Рифмы жизни и смерти - Амос Оз
Шрифт:
Интервал:
Есть мудрец, у которого нет ума,
Есть глупец, что живет, целый мир любя.
Есть веселье, в конце его — плач и тьма…
Но нет никого, кто познал бы себя.
А потом окружат его читатели. Он с легкостью будет подписывать экземпляры своей последней книги и вдумчиво выслушивать похвалы. В какое-то мгновение улыбнется он улыбкой, похожей на подавленную зевоту, пытаясь хоть немного умерить негодование доктора Песаха Икхата, того самого вспыльчивого педагога, обладателя тяжелой челюсти, кустистых седых бровей и прочей седой растительности, вырывающейся из ушных раковин и ноздрей.
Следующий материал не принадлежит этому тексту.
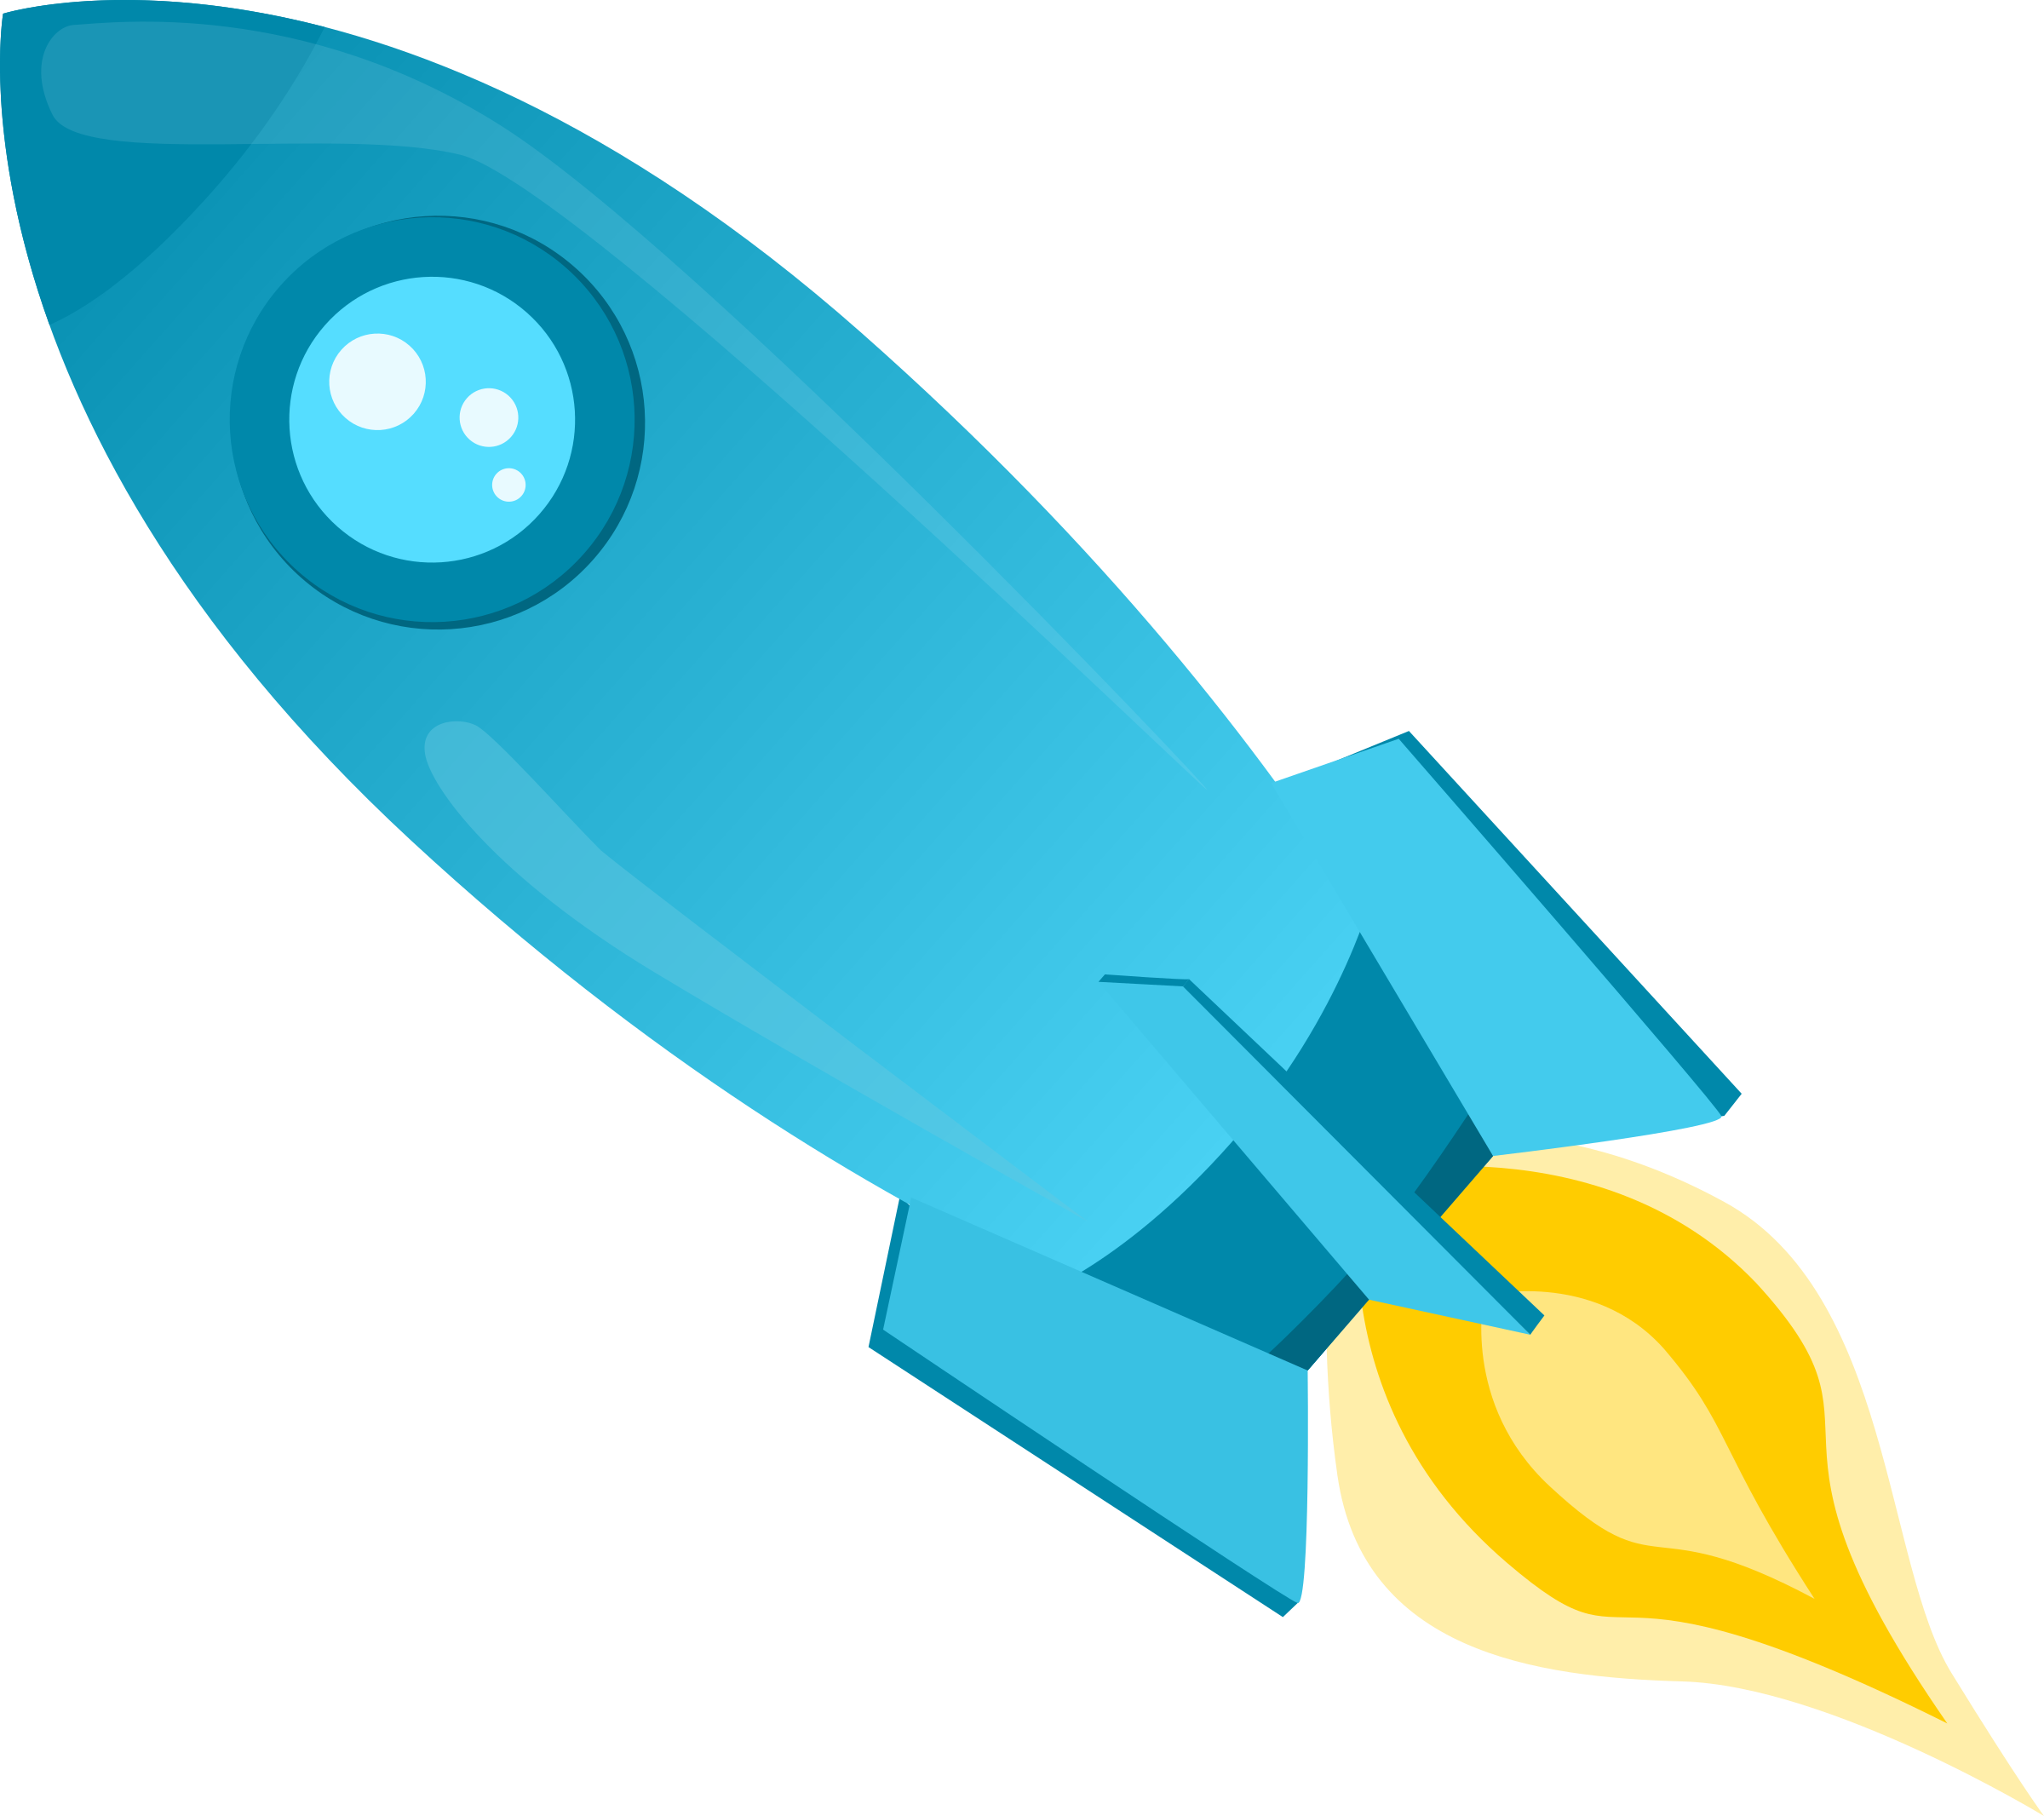 Rocket PNG Image HD - PNG All | PNG All
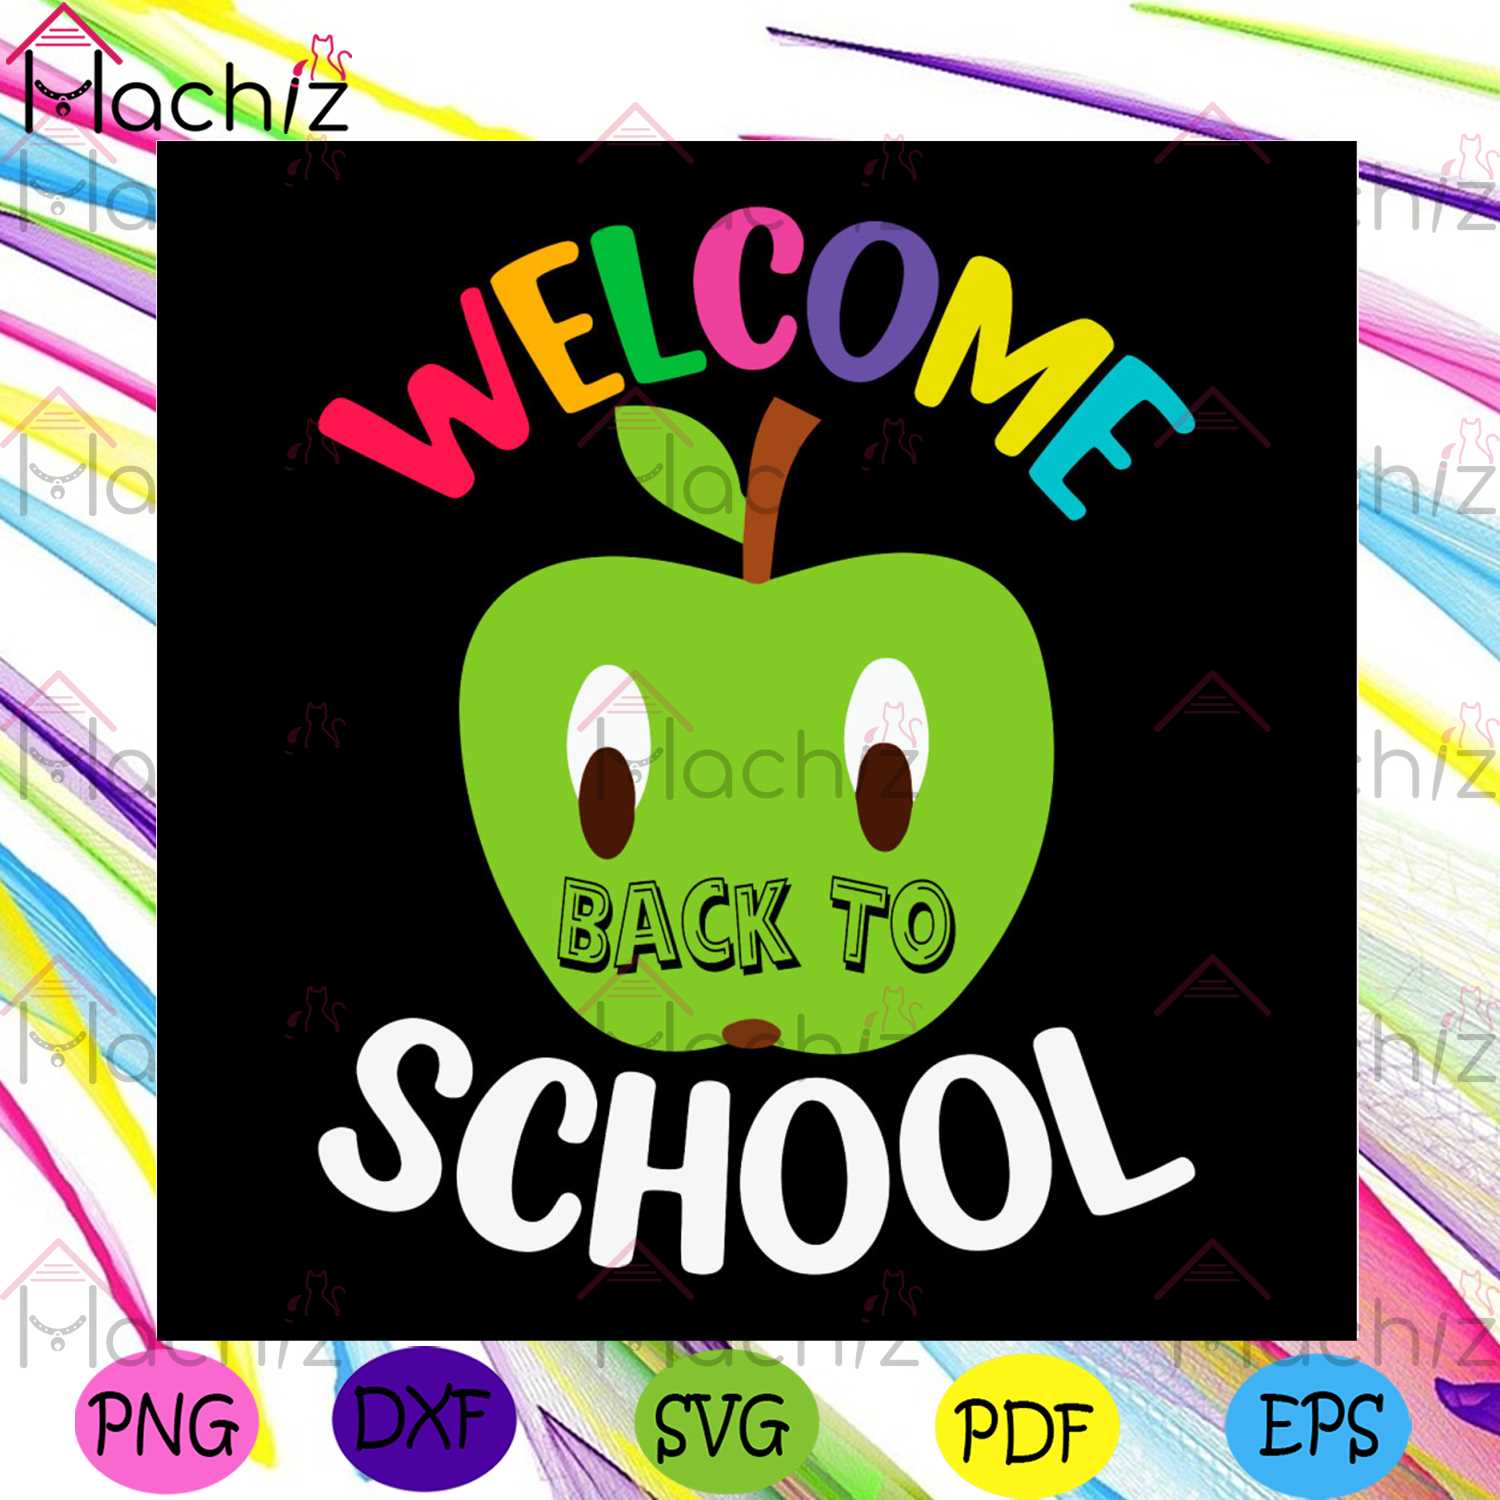 welcome-back-to-school-green-apple-svg-png

Писатель заверит его, что новая ивритская литература ни в коем случае не может отрицать и вовсе не отрицает само еврейское государство. Вскрытие беззаконий, связанных с так называемым захватом палестинских территорий, острая сатира, обличающая проявления коррупции, обнажающая процесс всеобщего оскотинивания, того, как загнивают и черствеют людские души, — все это вовсе не означает отрицания государства, нет, напротив, это чаще всего свидетельство того, что сердце писателя разрывается от боли. Даже если враги Израиля часто используют в своих целях выдержки из сказанного и написанного у нас, это никак не может служить нам укором: разве у пророков Израиля нет гневных слов? Разве нет их у Бялика, и у Бреннера, и у Ури Цви Гринберга, и у Изхара… И так далее, и тому подобное…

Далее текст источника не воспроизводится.